Glue Data Connector
The Glue Data Connector enables federated SQL querying on tables in an AWS Glue Data Catalog.
datasets:
- from: glue:tpch.lineitem
name: lineitem
params:
glue_region: us-east-1
glue_key: ${env:SPICE_AWS_KEY}
glue_secret: ${env:SPICE_AWS_SECRET}
Configuration​
from
​
Specify a table using the format, glue:<database>.<table>
by replacing <database>
with the name of the Glue database and <table>
with the name of the table inside of the <database>
.
name
​
The dataset name. This will be used as the table name within Spice.
Example:
SELECT COUNT(*) FROM lineitem;
+----------+
| count(*) |
+----------+
| 6001215 |
+----------+
params
​
The following parameters are supported for configuring the connection to the Glue Data Catalog:
Parameter Name | Definition |
---|---|
glue_region | The AWS region for the Glue Data Catalog. E.g. us-west-2 . |
glue_key | Access key (e.g. AWS_ACCESS_KEY_ID for AWS) |
glue_secret | Secret key (e.g. AWS_SECRET_ACCESS_KEY for AWS) |
glue_session_token | Session token (e.g. AWS_SESSION_TOKEN for AWS) for temporary credentials |
Authentication​
The minimum IAM policy for Glue access is:
{
"Version": "2012-10-17",
"Statement": [
{
"Effect": "Allow",
"Action": [
"glue:GetDatabase",
"glue:GetDatabases",
"glue:GetTable",
"glue:GetTables"
],
"Resource": [
"*"
]
}
]
}
Limitations​
This catalog connector is limited to tables that use the S3 data source.
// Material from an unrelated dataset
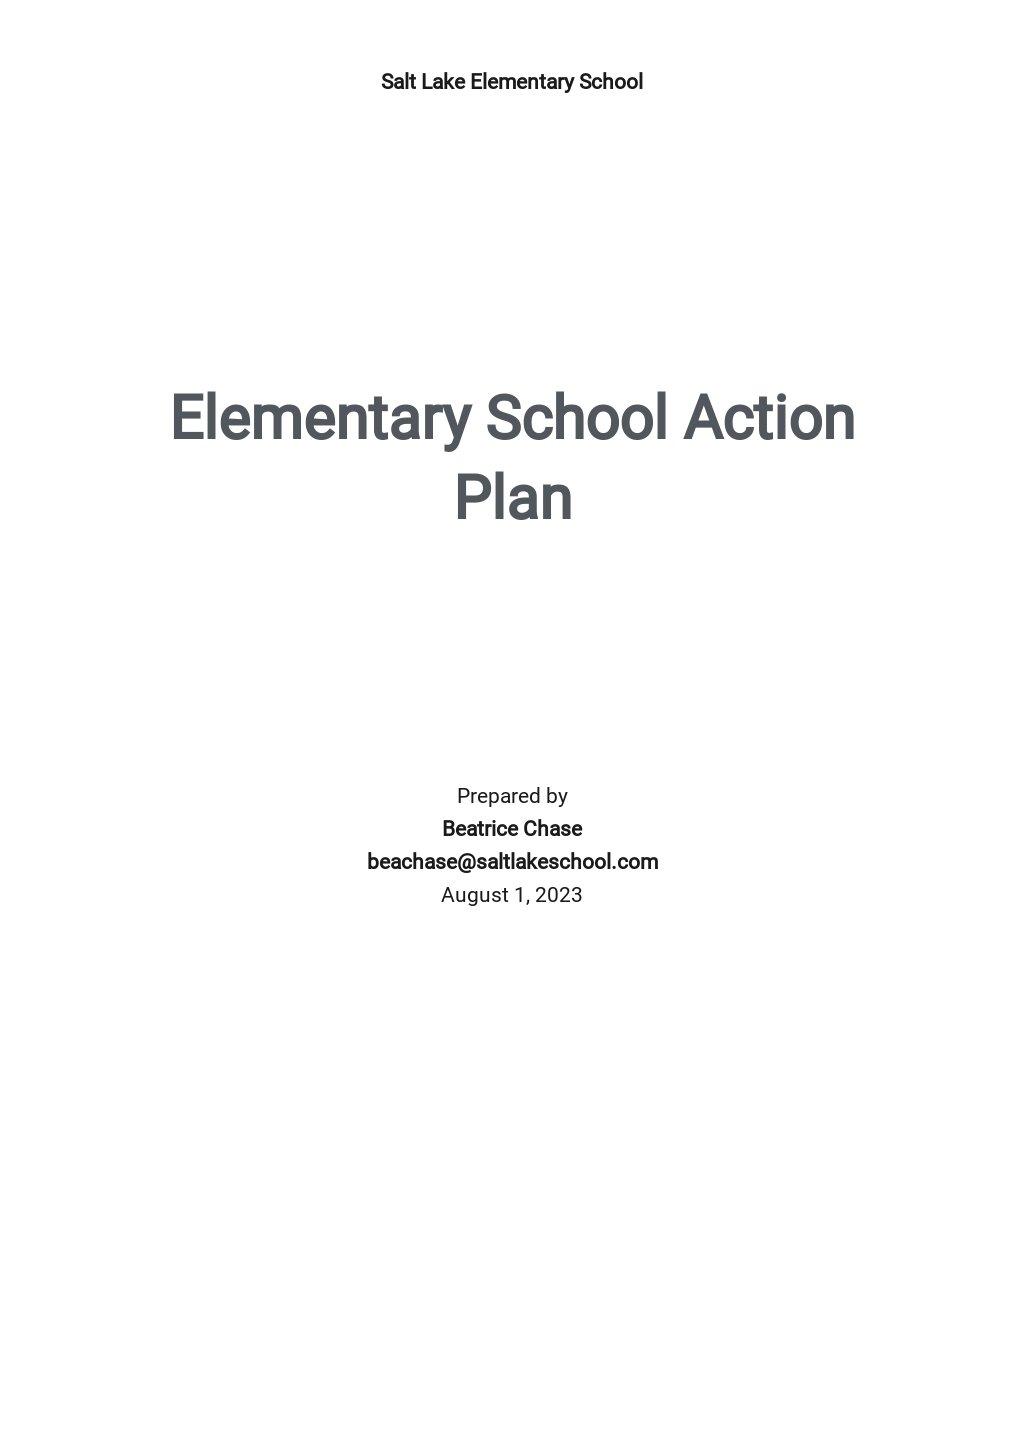 Elementary School Action Plan Template

Kinesis and Kafka data sources are not currently supported. Additionally, this catalog connector is currently limited to Iceberg tables, tables with parquet or CSV data format only.
When using the Glue Data connector without acceleration, data is loaded into memory during query execution. Ensure sufficient memory is available, including overhead for queries and the runtime, especially with concurrent queries.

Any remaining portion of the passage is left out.